As the album is released, so is a video for new song ‘All The Good Things’, which Felix comments on “All The Good Things was written shortly after a break up. It recounts memories that resurfaced at that time and was an attempt to find peace in myself and in the shared experiences I had been through with that person. I recorded and mixed it in a few hours in the room I was staying in at my parents’ house about eighteen months after I had written it. This was by far the longest gap between writing and recording on the album.”
Continuing about the album he says: “It feels a bit like a travelogue. In some ways, when I wrote these songs, I was talking to the person I was no longer in a relationship with – just saying hello. Sometimes, the songs were attempts at looking for a North Star that I could speak to. It’s this idea of how big the world is, and how precious those few connections that you have with people are, and how you can feel those so acutely across vast spaces and times. Book of Churches is basically a metaphor for how I felt making these songs. These songs are like my version of whatever church is.”
23 April – The Hope & Ruin, Brighton, UK 25 April – The Castle, Manchester, UK 26 April – The Hug & Pint, Glasgow, UK 28 April – Belgrave Music Hall, Leeds, UK 29 April – The Cube, Bristol, UK 30 April – St Pancras Old Church, London, UK 01 May – Nottingham Contemporary, Nottingham, UK
*****
More about Book of Churches
“It started out as a way of staying sane, then it began to form its own identity,” Felix Mackenzie-Barrow says of his new solo venture, Book of Churches. The co-vocalist and guitarist of Nottingham alt-country quartet Divorce has spent most of the last few years either building up to the band’s acclaimed full-length debut Drive to Goldenhammer, released in March 2025, or touring Europe and North America in support of it. In rare snatches of downtime, he began working on his own material – initially as a way to hold on to his sense of self while travelling and spending so much time in a group, but partly to scratch an itch that sat outside the Divorce world.
Book of Churches is intimate at every level. With Felix squirrelling away on the songs in isolation, its self-titled debut is a collection of campfire songs laid out in the order in which they were written and produced at home on GarageBand. The arrangements are warm but stripped back; the kind that lend themselves to being played impromptu while travelling with just a guitar case and a tank of petrol.
Each song was written in one day, recorded the next, and left largely untouched until the album was handed over to Richie Kennedy (Divorce, Interpol, The Last Dinner Party) for mixing. Overthinking and perfectionism were abandoned in favour of intuition and looseness. “Because no one was teaching me, I invented this school of production for myself,” he chuckles. “But what’s amazing is [Richie] is really amplifying that and allowing for the idiosyncrasies of the way I’ve worked on it to come through and be celebrated.”
The lyrics were pulled from notes he kept on his phone while on the road, and in the aftermath of a breakup.
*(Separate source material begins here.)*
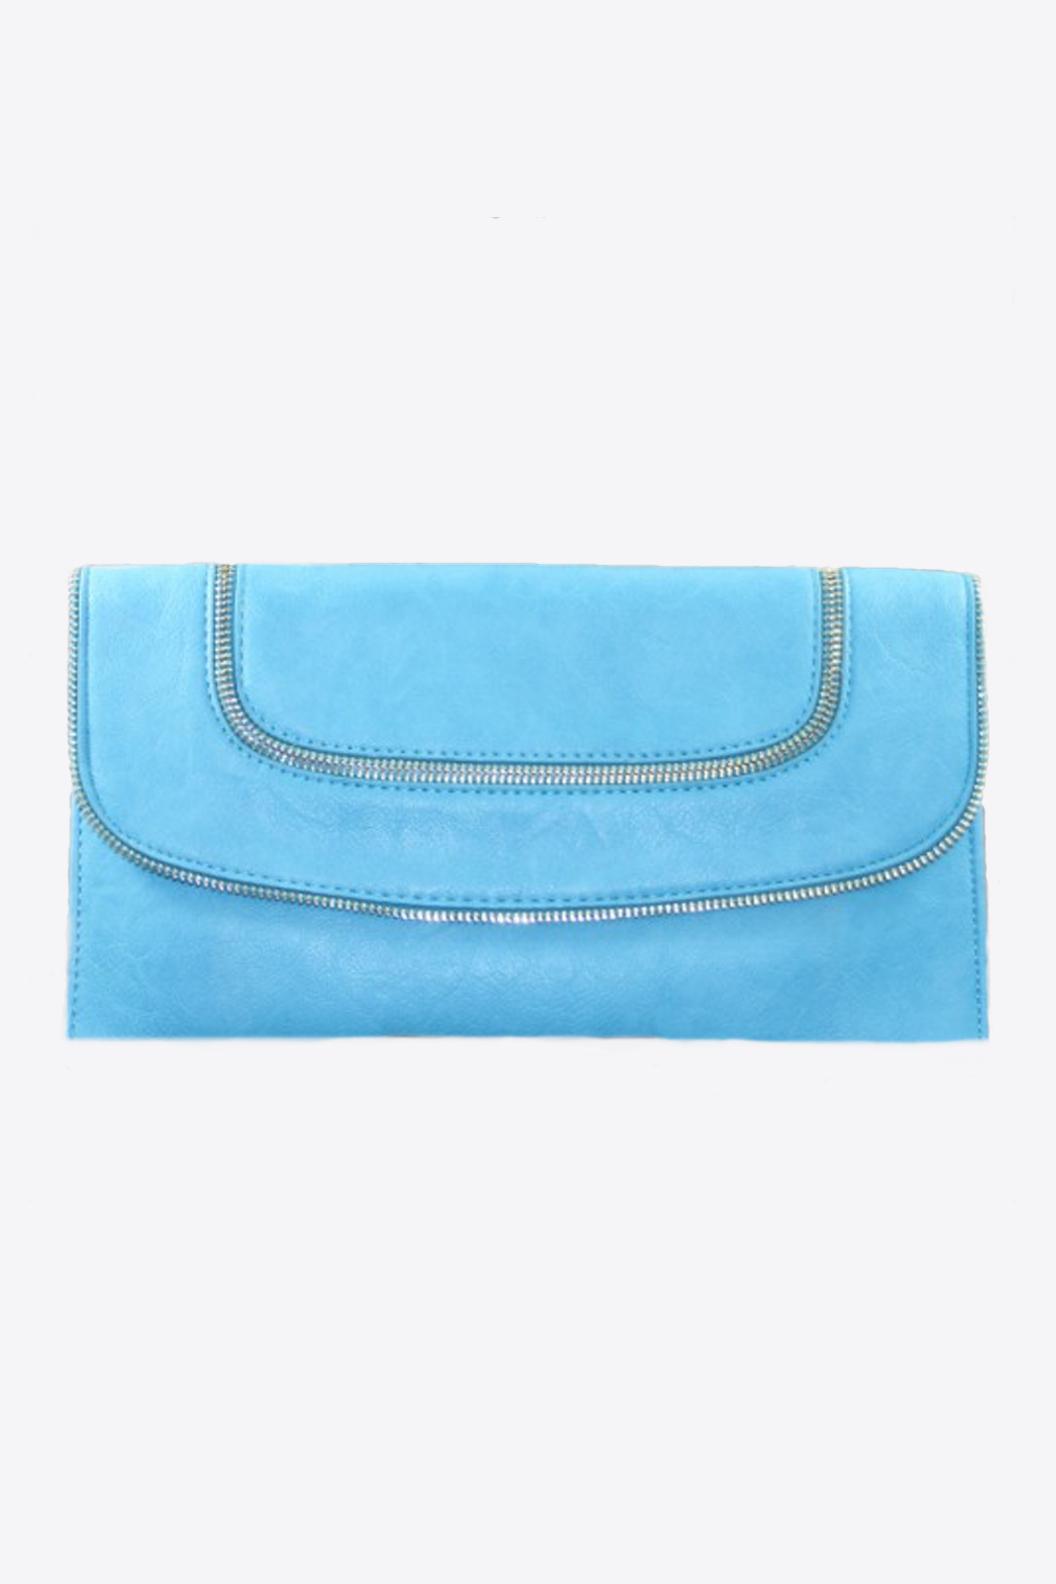 Blue Leather Clutch w Zipper Accents
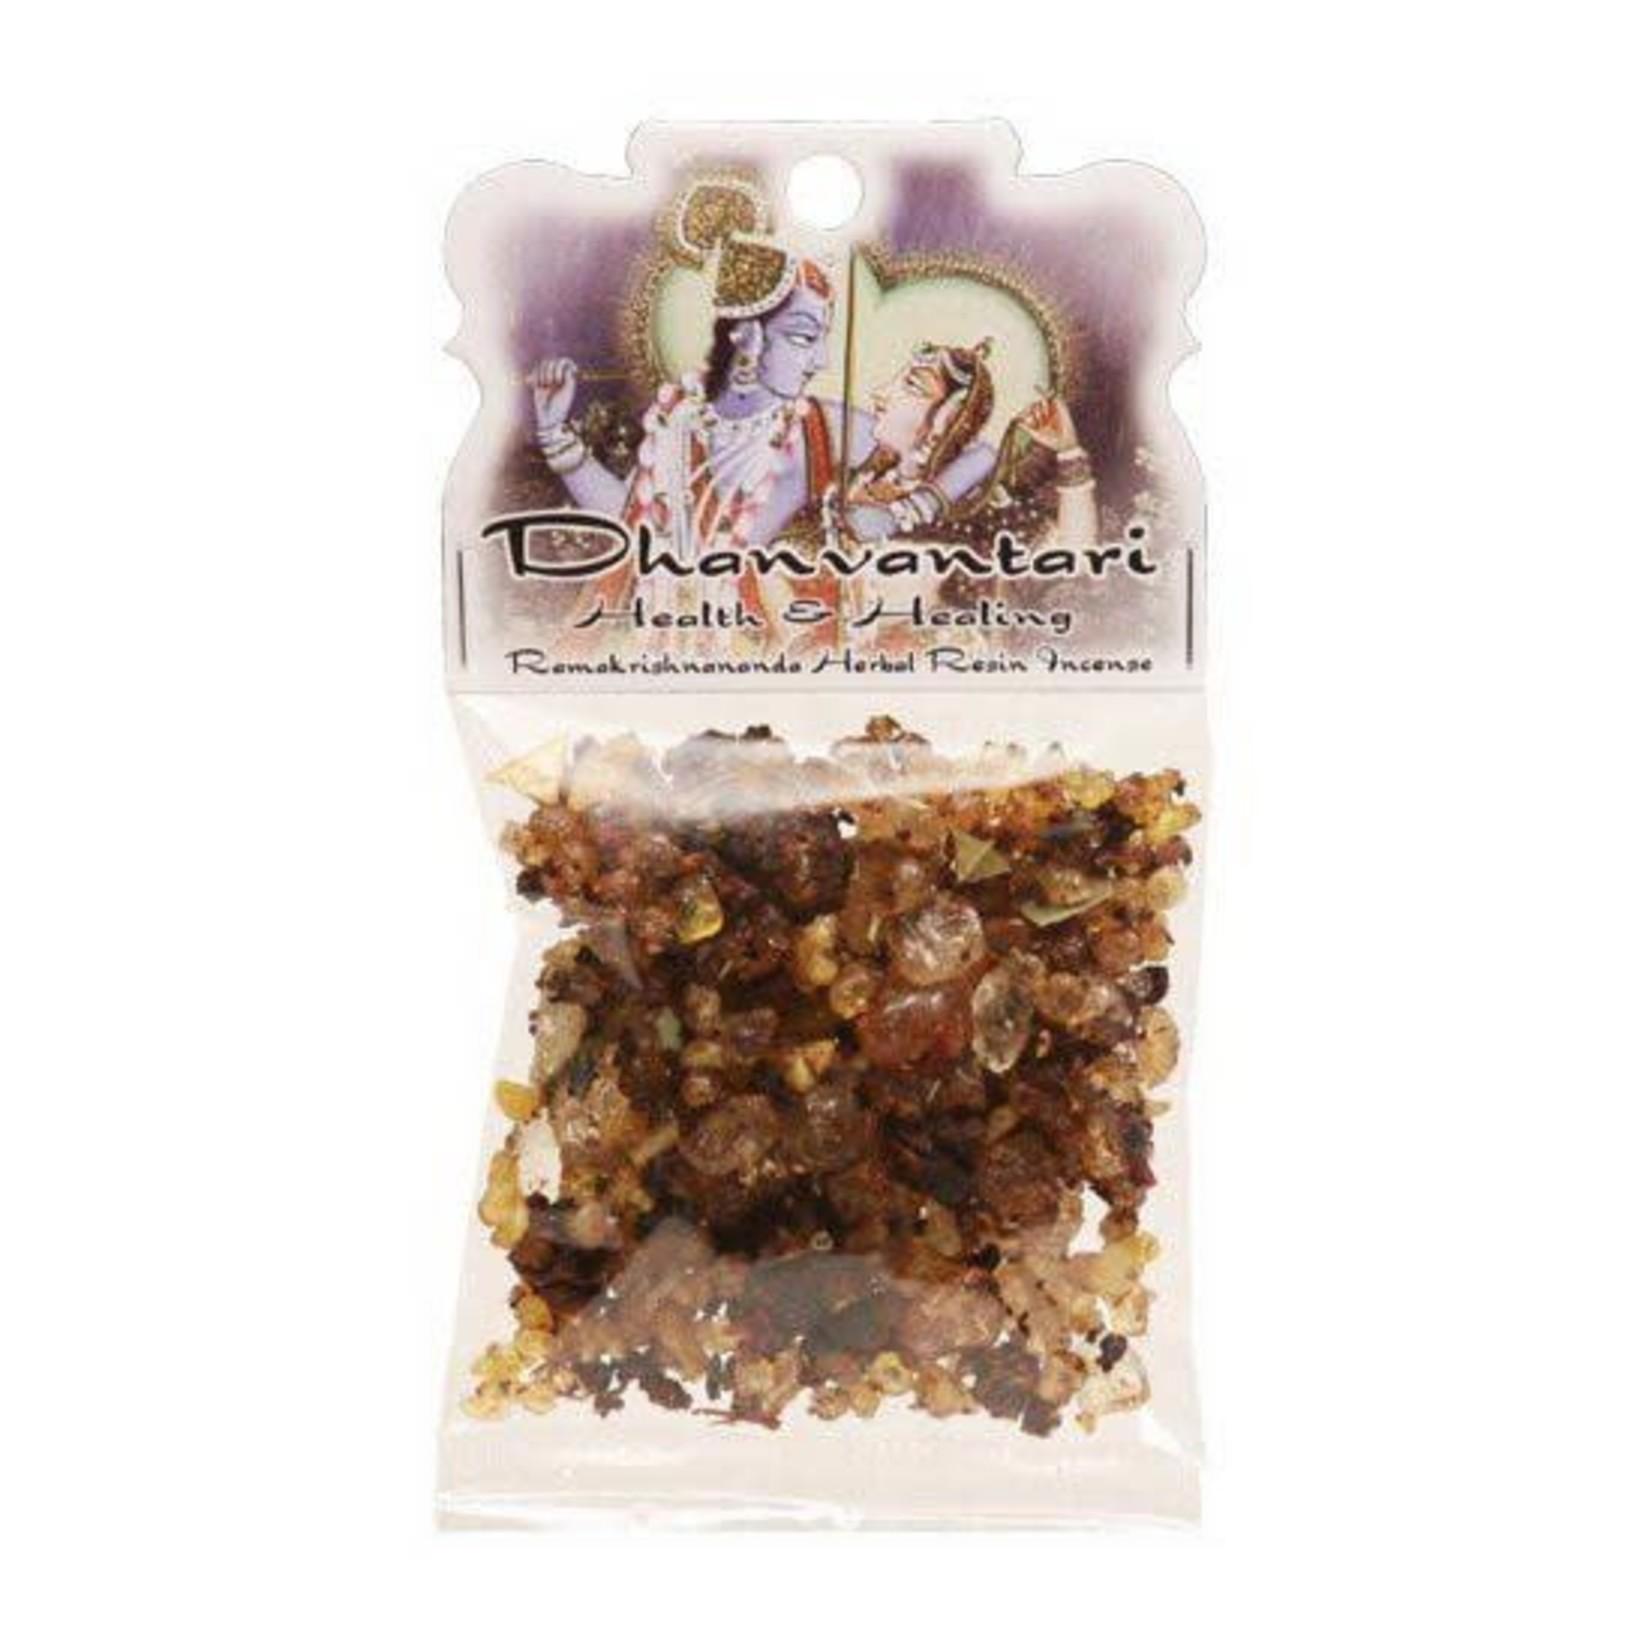 Prabhujis Gifts Dhanvantari - Health and Healing Resin Incense

Caught between people and places, there is a transitional feel to Book of Churches; a meditative acceptance to the snapshots, impressions, and memories that are part personal diary entry, part letter to a former flame. “It feels a bit like a travelogue,” says Felix. “In some ways, when I wrote these songs, I was talking to the person I was no longer in a relationship with – just saying hello.
“Sometimes, the songs were attempts at looking for a North Star that I could speak to,” he continues. “It’s this idea of how big the world is, and how precious those few connections that you have with people are, and how you can feel those so acutely across vast spaces and times.”
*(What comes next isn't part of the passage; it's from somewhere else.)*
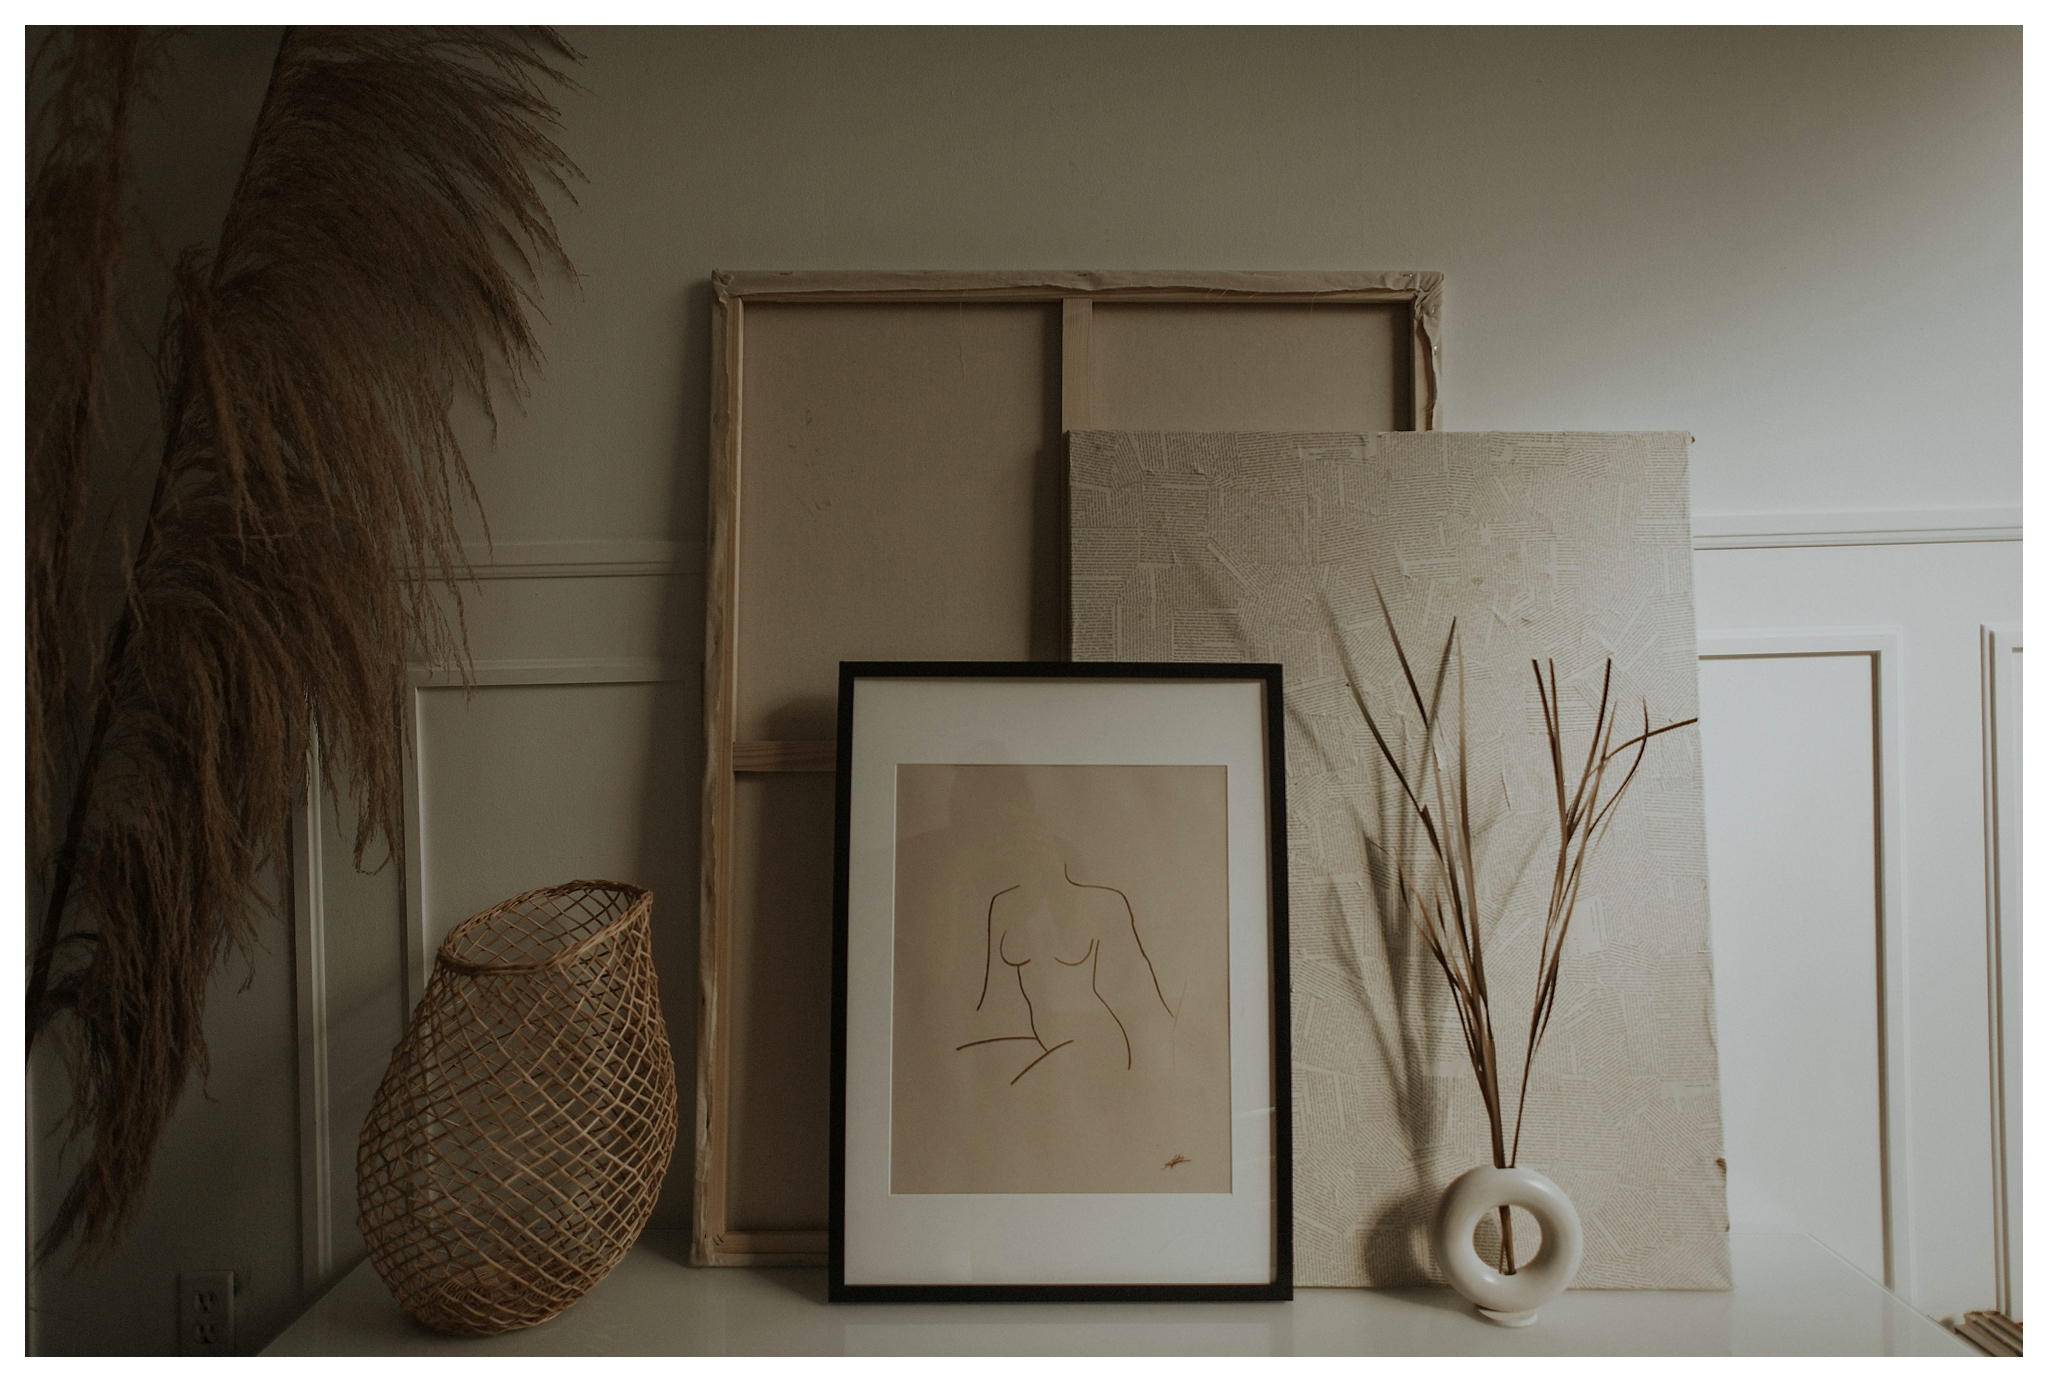 lovt studio east bows and lavender photography toronto loft photos

The moniker crystalised when Felix noticed that he had been repeatedly drawing tiny churches in bleak settings and couldn’t quite explain why – though he suspects he was longing for a feeling of safety, and making that place for himself using the materials of a place where he was never able to find it. Book of Churches, then, turns the idea of a place of worship – a presence that bears down on you, rather than a presence you bring to it – on its head. There is an almost spiritual sense of peace in these songs about memory, loss, and gratitude even in sadness.
“Book of Churches is basically a metaphor for how I felt making these songs,” he says. “These songs are like my version of whatever church is.”
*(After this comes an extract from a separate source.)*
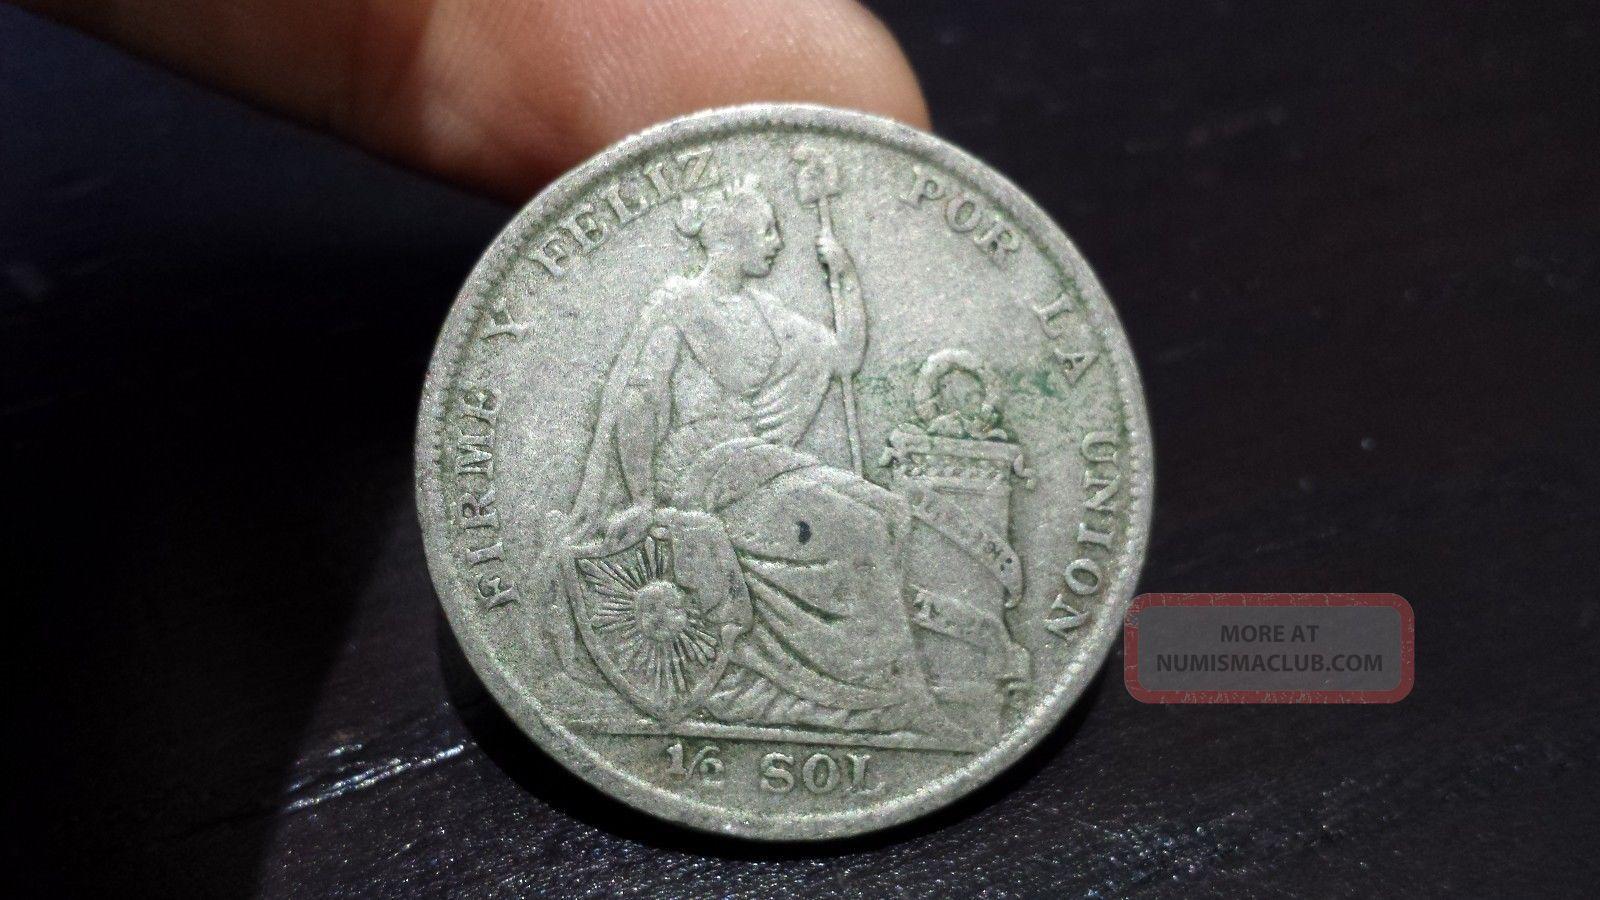 1927 Peru Half Unsol Very Low Km 216 Silver Coin South America photo

It has taken a little while, but the crew behind Wildfire Festival 2026 have just dropped what should be the penultimate announcement for this year’s bash. We know you’ve been waiting patiently for more news on the lineup, and this latest update brings us closer to a final schedule for the weekend. The festival returns … Continue reading Wildfire Festival 2026 adds more names to the bill
Massachusetts-based slam n’ roll duo Frog Mallet have premiered a brand-new single, entitled “Snack Time”, which is available to stream below. Read more…
Review: The Gems – Year of the Snake Napalm Records (March 13th, 2026) Reviewer – Jason Hopper Having risen from the ashes of their group departure from Thundermother, The Gems are back with their sophomore release, ‘Year of the Snake‘. Their debut album ‘Pheonix‘ (review here) was terrific and adhered close to the sound of their […]
“I’m in my late 30s, again,” grins Nocturno Culto. As the Scandinavian sun shines through the window over a still-snowy tundra outside, he says he’s looking forward to spring taking proper hold, so that, “I can mow my lawn.”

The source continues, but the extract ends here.